Kemudian, ketika draf tersebut telah disetujui para wakil pemuda dan anggota PPKI yang hadir, Soekarno meminta Sayuti Melik untuk mengetik naskah tersebut.
Setelah berdiskusi, Soekarno-Hatta dan sejumlah tokoh PPKI, akhirnya menghasilkan sebuah draft naskah proklamasi pada selembar kertas putih. Soekarno kemudian menyerahkan secarik kertas tersebut ke Sayuti Melik untuk ditulis ulang menggunakan mesin tik.
Setelah naskah tersebut selesai diketik dan ditandatangani Soekarno dan Hatta, Sayuti Melik membuang begitu saja draft proklamasi tersebut ke tempat sampah.

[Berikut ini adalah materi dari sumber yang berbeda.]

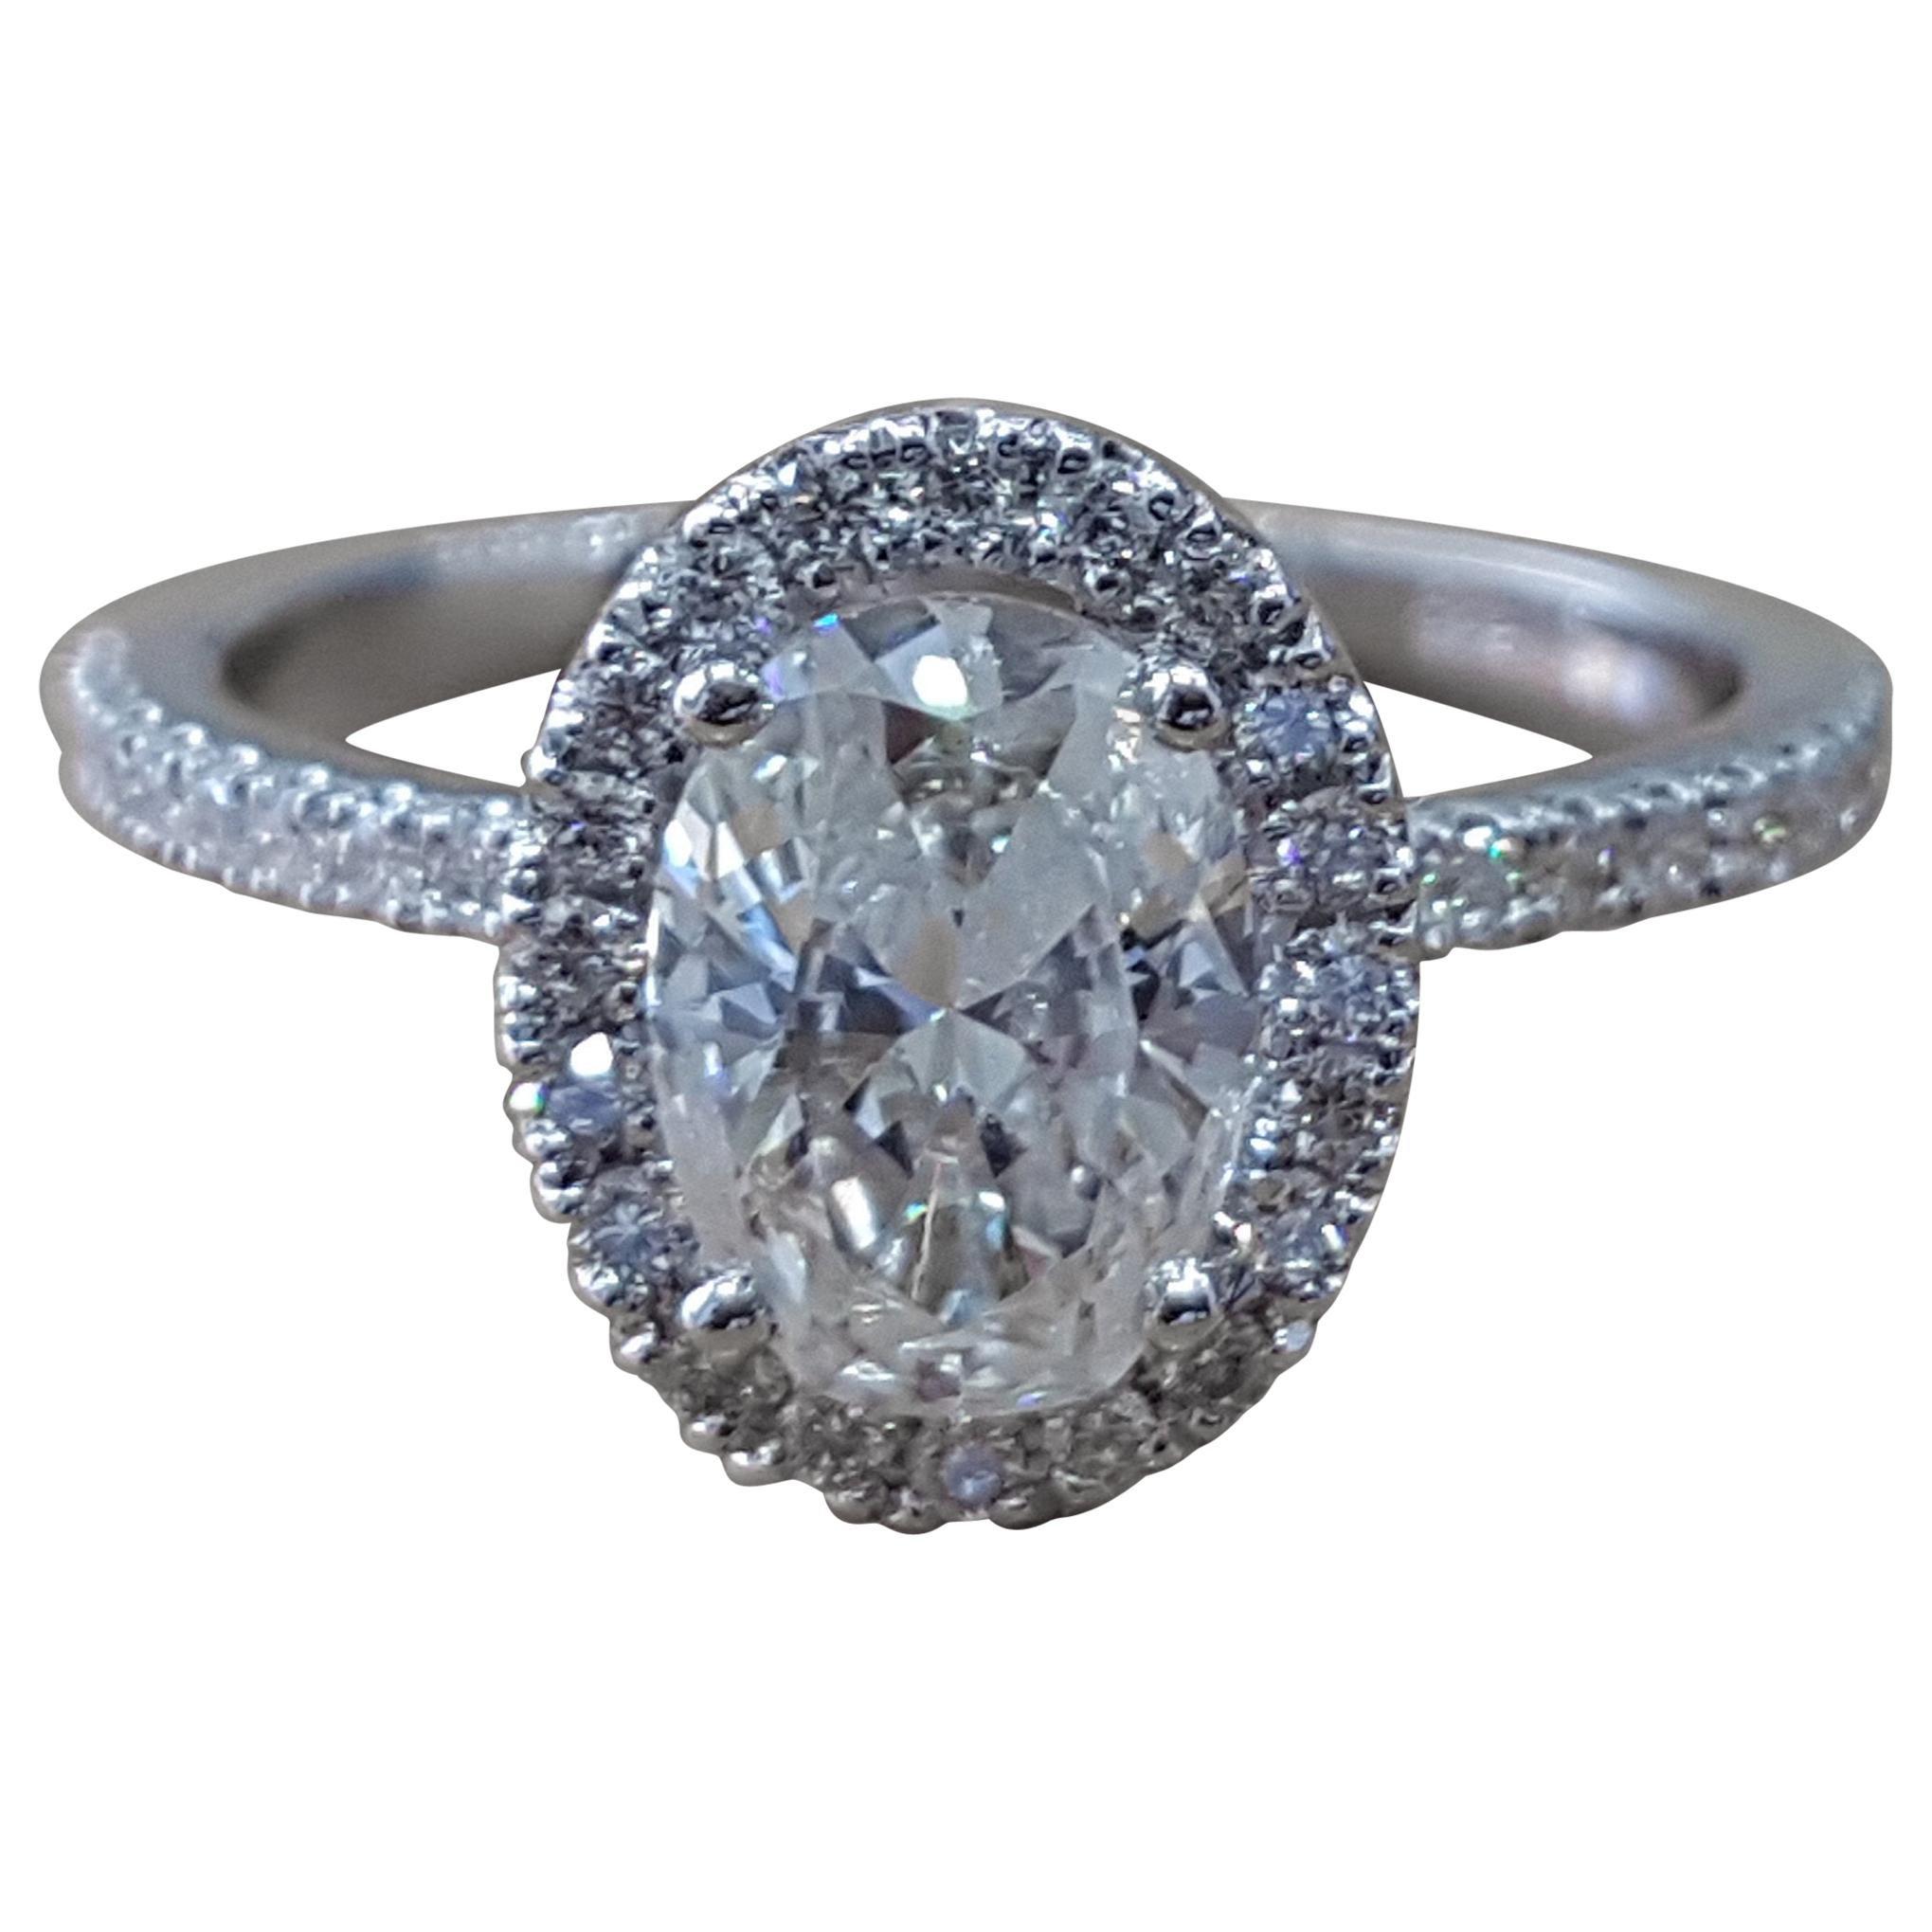 1 3/4 Carat 14 Karat White Gold Oval Diamond Ring, Diamond Halo Art Ring
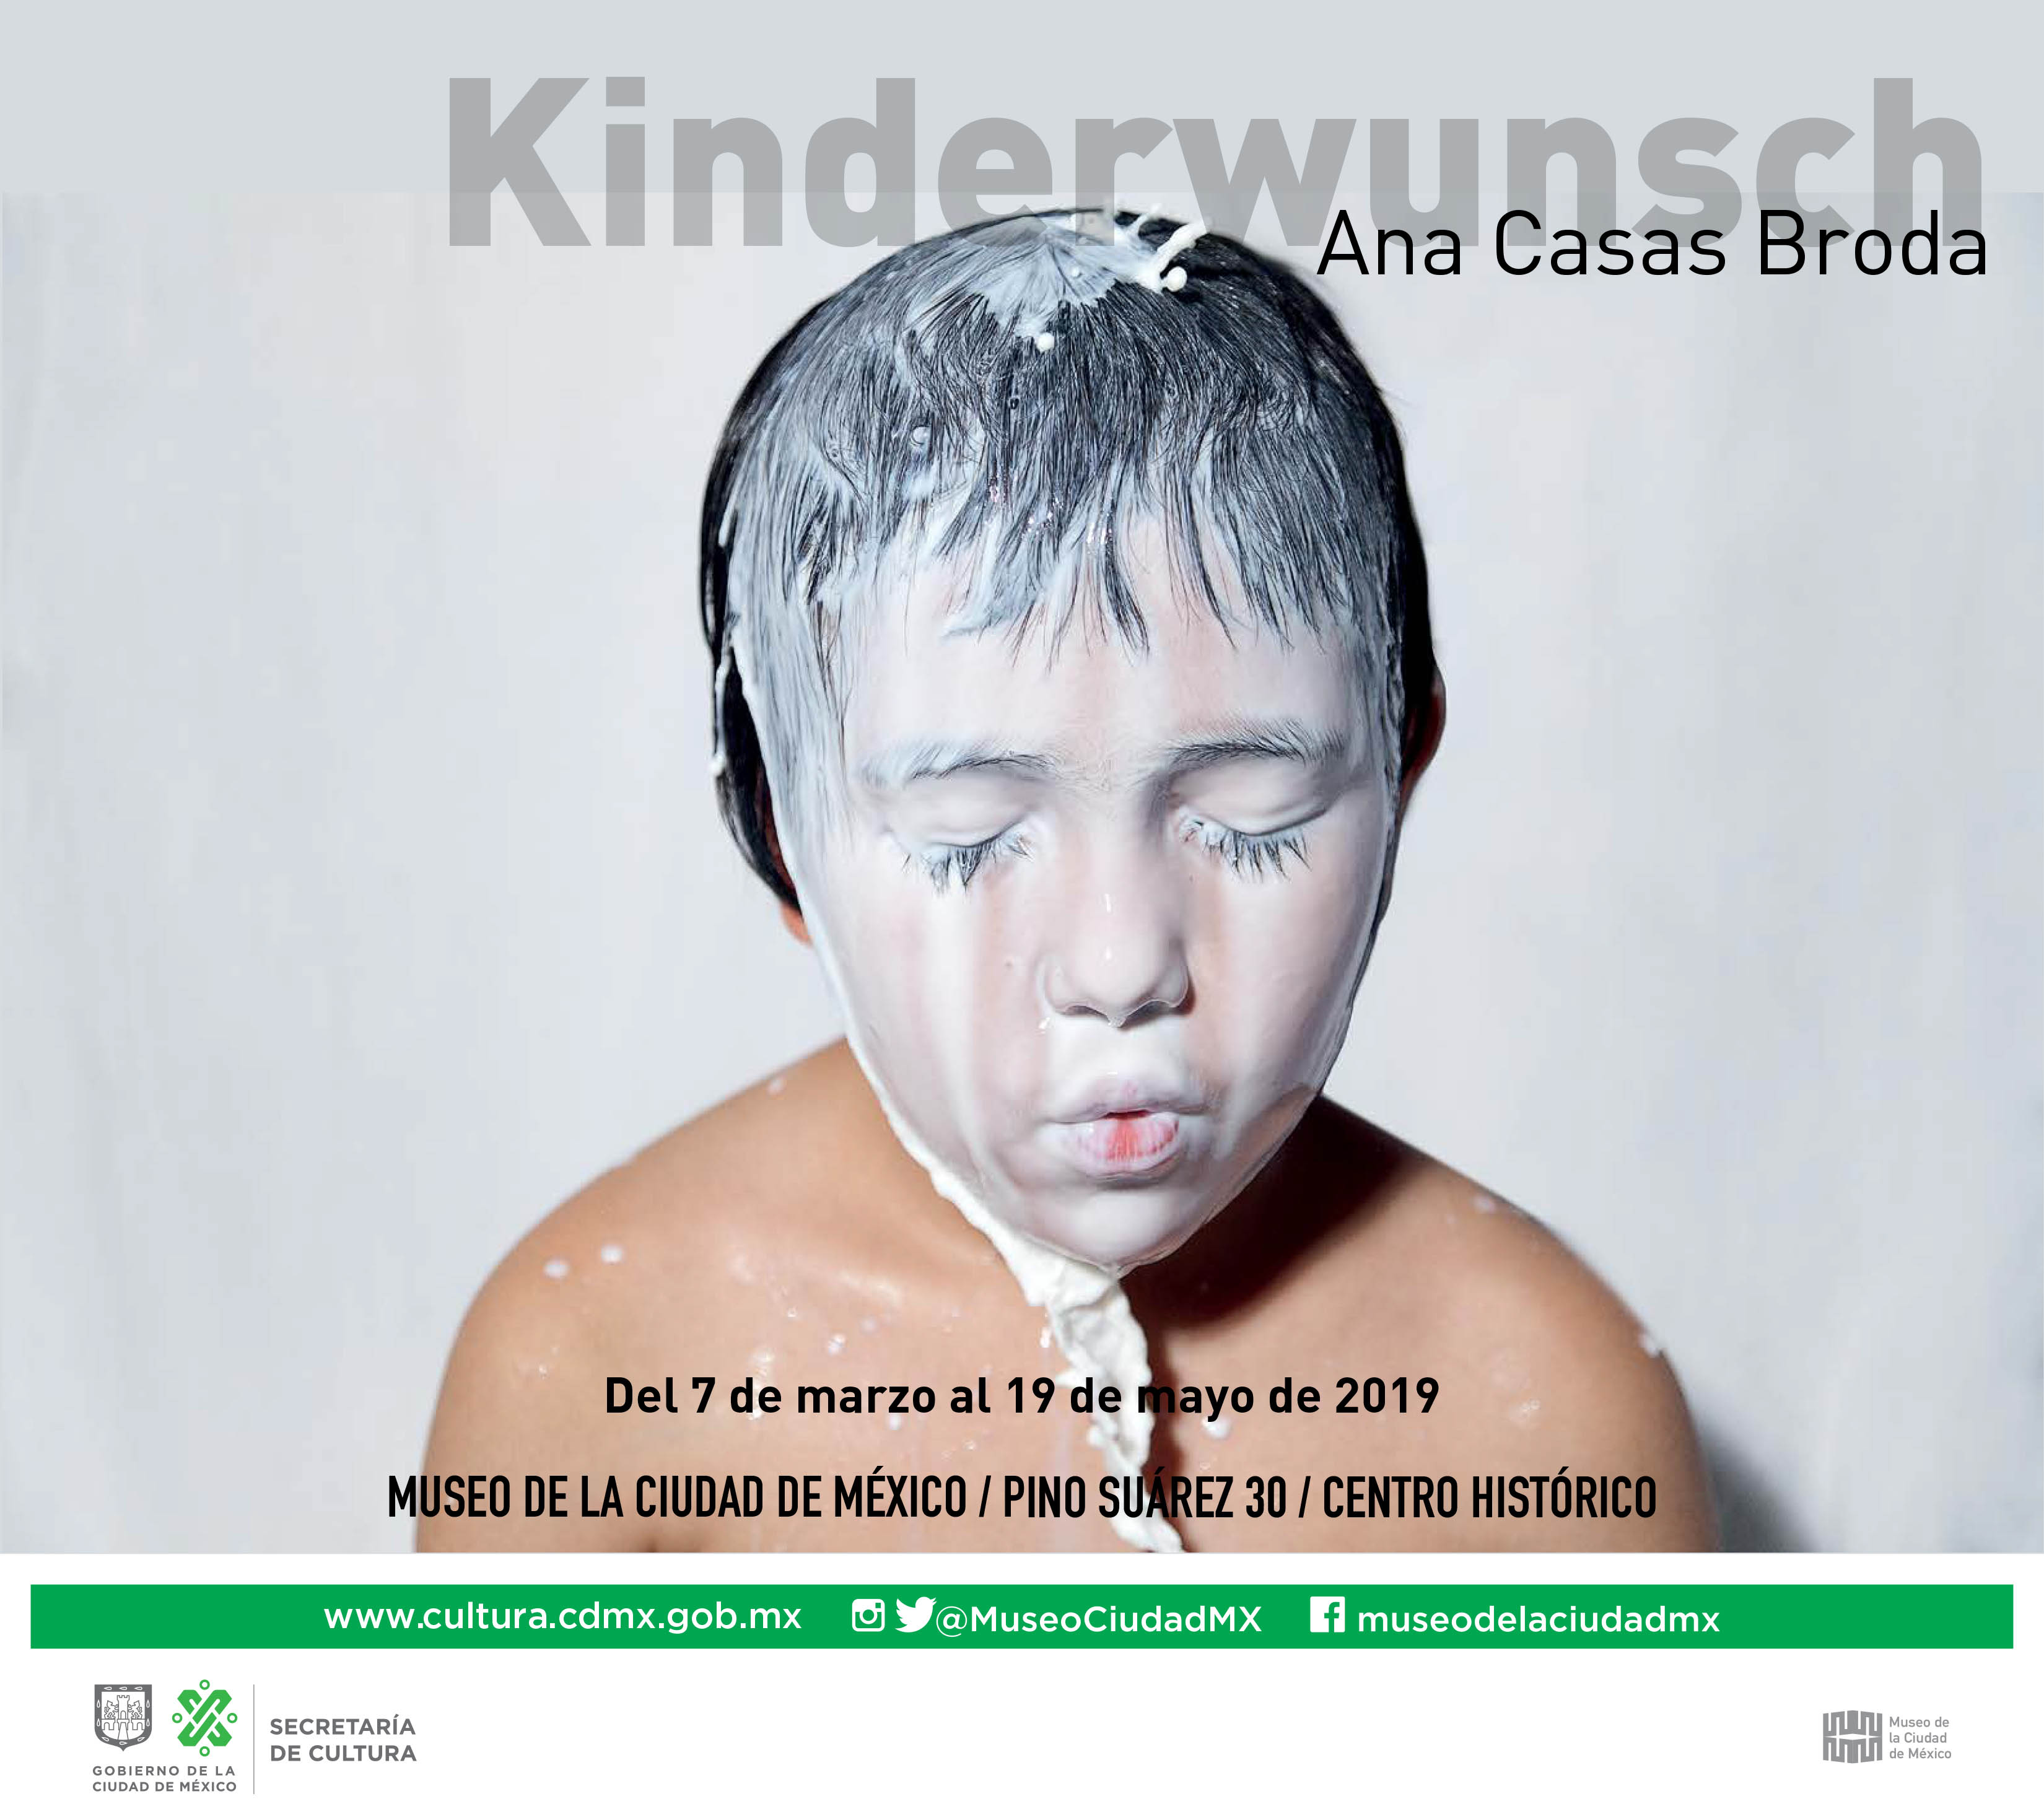 Kinderwunsch. Ana Casas Broda

Kemudian, BM Diah mengambil draft teks proklamasi itu dari keranjang sampah dan menyimpannya. Ternyata, apa yang dilakukan BM Diah menjadi kunci bagi kelengkapan arsip tentang proklamasi kemerdekaan Indonesia.
Pengabdian BM Diah pada negara
Pada 1959 setelah kemerdekaan Indonesia, B.M. Diah diangkat menjadi duta besar untuk Cekoslowakia dan Hongaria. Tidak lama kemudian, B.M. Diah dipindahkan ke Inggris, lalu ke Thailand. Hingga pada 1968 B.M. Diah diangkat oleh Presiden Soeharto menjadi menteri penerangan. B.M. Diah juga Juga pernah diangkat menjadi anggota DPR dan Kemudian Anggota DPA. B.M. Diah menghembuskan napas terakhirnya di Jakarta, 10 Juni 1996 dan dimakamkan di Taman Makam Pahlawan Kalibata. Untuk mengenang jasa BM Diah, beliau diberi beberapa penghargaan oleh negara, yakni: Bintang Mahaputra Utama dari Presiden Soeharto pada 10 Mei 1978. Piagam Penghargaan (17 Agustus 1995). Medali Perjuangan Angkatan '45 dari Dewan Harian Nasional (17 Agustus 1995).